# My goldies c;~ Question



## XxXMermaidzXxX (Sep 28, 2012)

I have 2 fancy goldfish and 2 comet goldfish. My comet goldfish seem to die real fast. I used to have 3 other comet goldfish and they died in a week! Any help here? :-?:-?:-?:-?:-?:-?:-?:-?:-?:-?:-?:-?:-?:-?:-?:-?:-?:-?:-?:-?:-?:-?:-?:-?:-?:-?:-?:-?


----------



## LittleBettaFish (Oct 2, 2010)

Firstly fancy and comet goldfish shouldn't be housed together as your comets will out-compete your fancy goldfish for food, and prefer a cooler water temperature than fancy goldfish do.

Secondly, comets really shouldn't be housed in anything less than 100 gallons long-term. They can grow over a foot in length, and a pond is probably the most ideal home for a comet or common goldfish. 
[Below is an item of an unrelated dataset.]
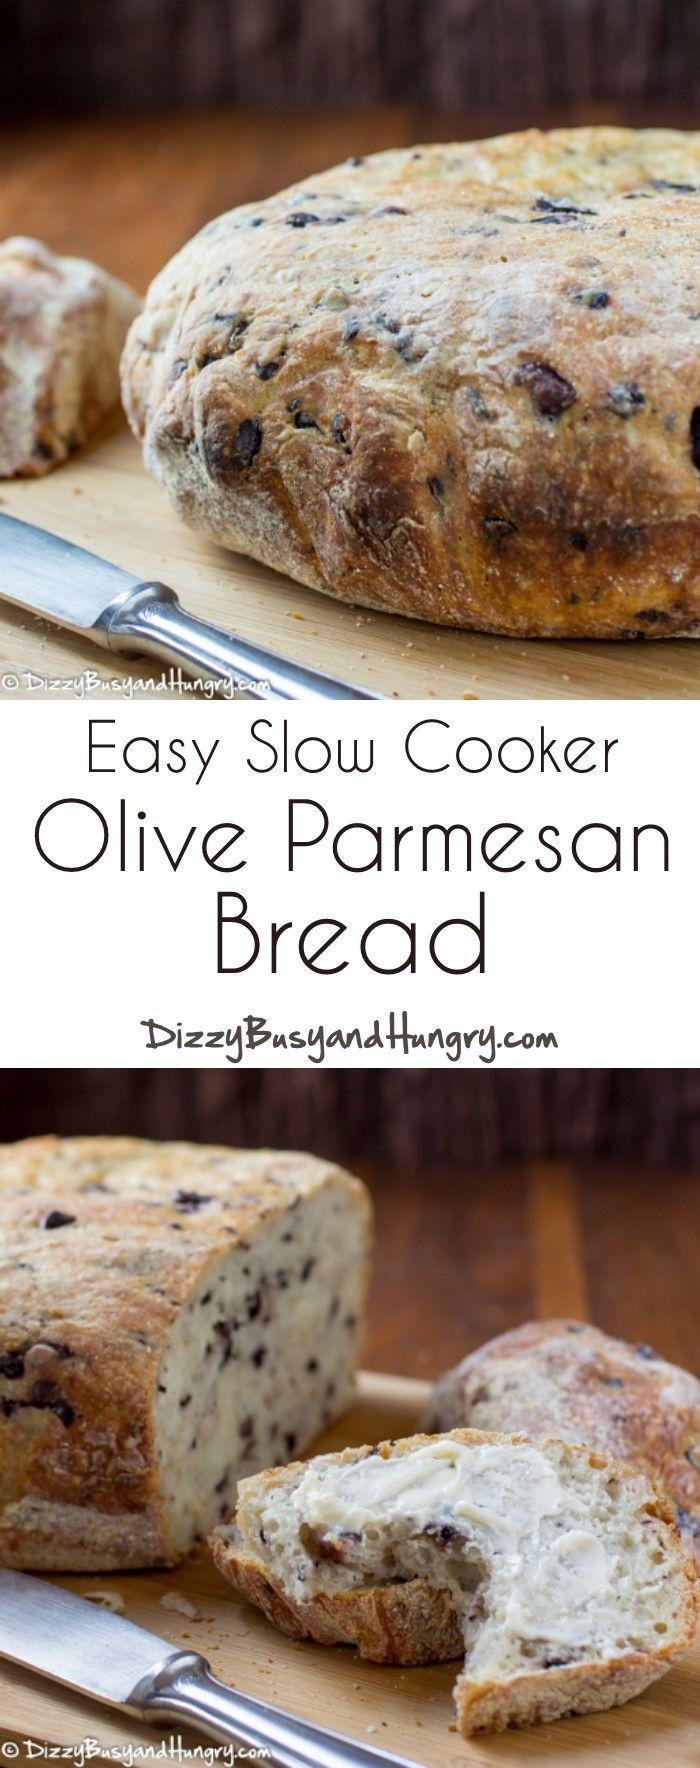 Easy Slow Cooker Olive Parmesan Bread http://www.dizzybusyandhungry.com/easy-slow-cooker-olive-parmesan-bread/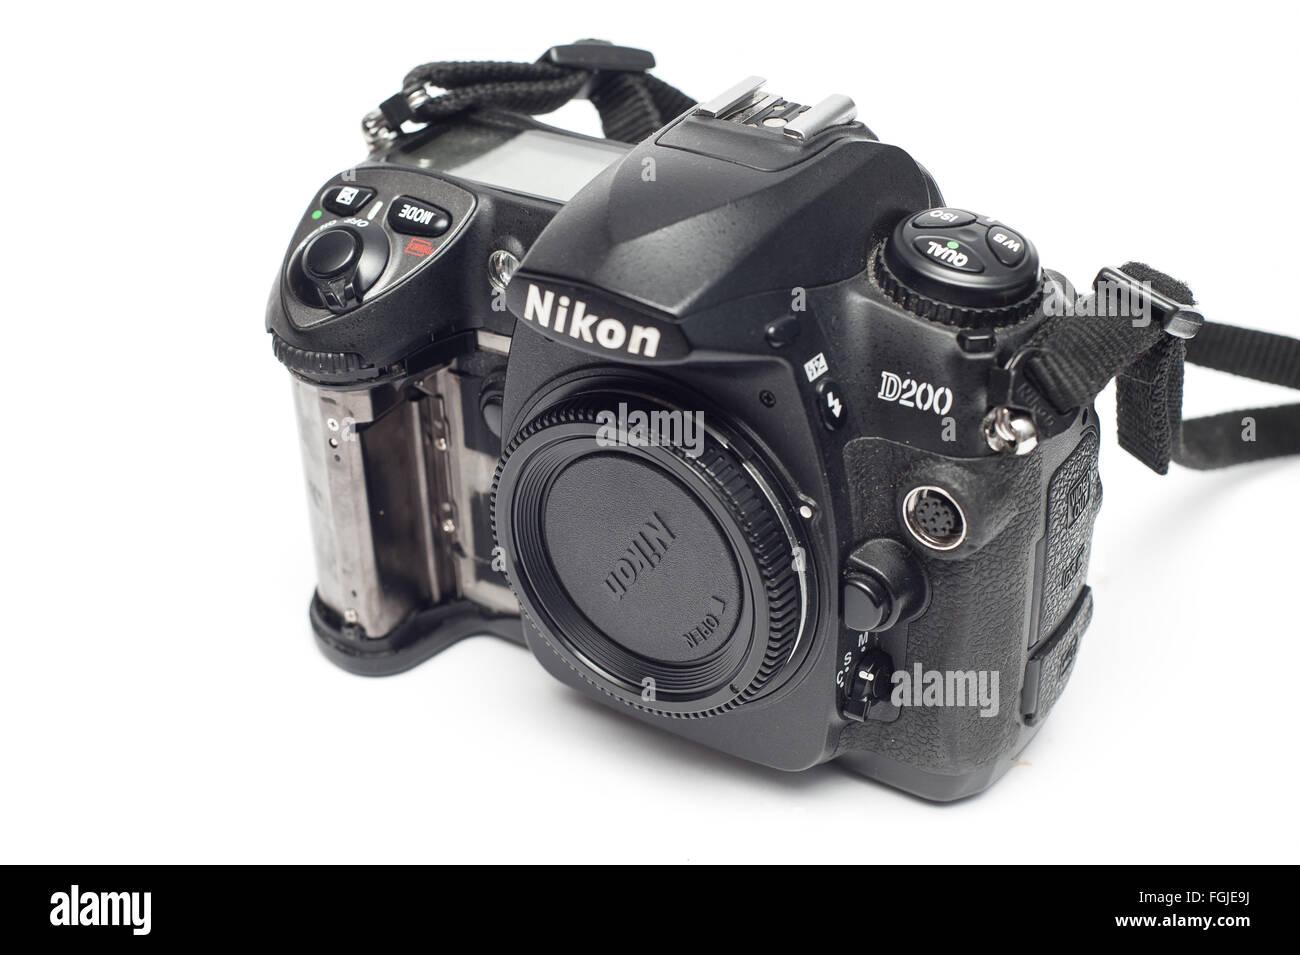 Pavlograd, Donetsk - Januart 27, 2015: Nikon D200 DSLR Camera with loose rubber. Isolated on white background - Stock Image

Thirdly, can you give us some more information. Tank size, filter, how long has the tank been set-up, what are your ammonia, nitrite and nitrate readings? Things like that will help to determine the exact cause of your problem.


----------



## XxXMermaidzXxX (Sep 28, 2012)

Um excuse me but i have a pond for my comet goldfish. There only about 2 inches right now. My fancy goldfish Butterfly eats WAY more food then the rest of the goldfish. And yes i do feed them as much as I need to. Back off and don't judge me.


----------



## LittleBettaFish (Oct 2, 2010)

Well nearly 100% of the time, when someone posts that their goldfish are dying and provide next to no information aside from that fact, the crux of the issue generally involves overcrowding and poor water quality. 

I wasn't judging, just posting basic facts. 

When you say pond, do you have the exact size of it? Also have you ever done any testing for ammonia, nitrite etc? 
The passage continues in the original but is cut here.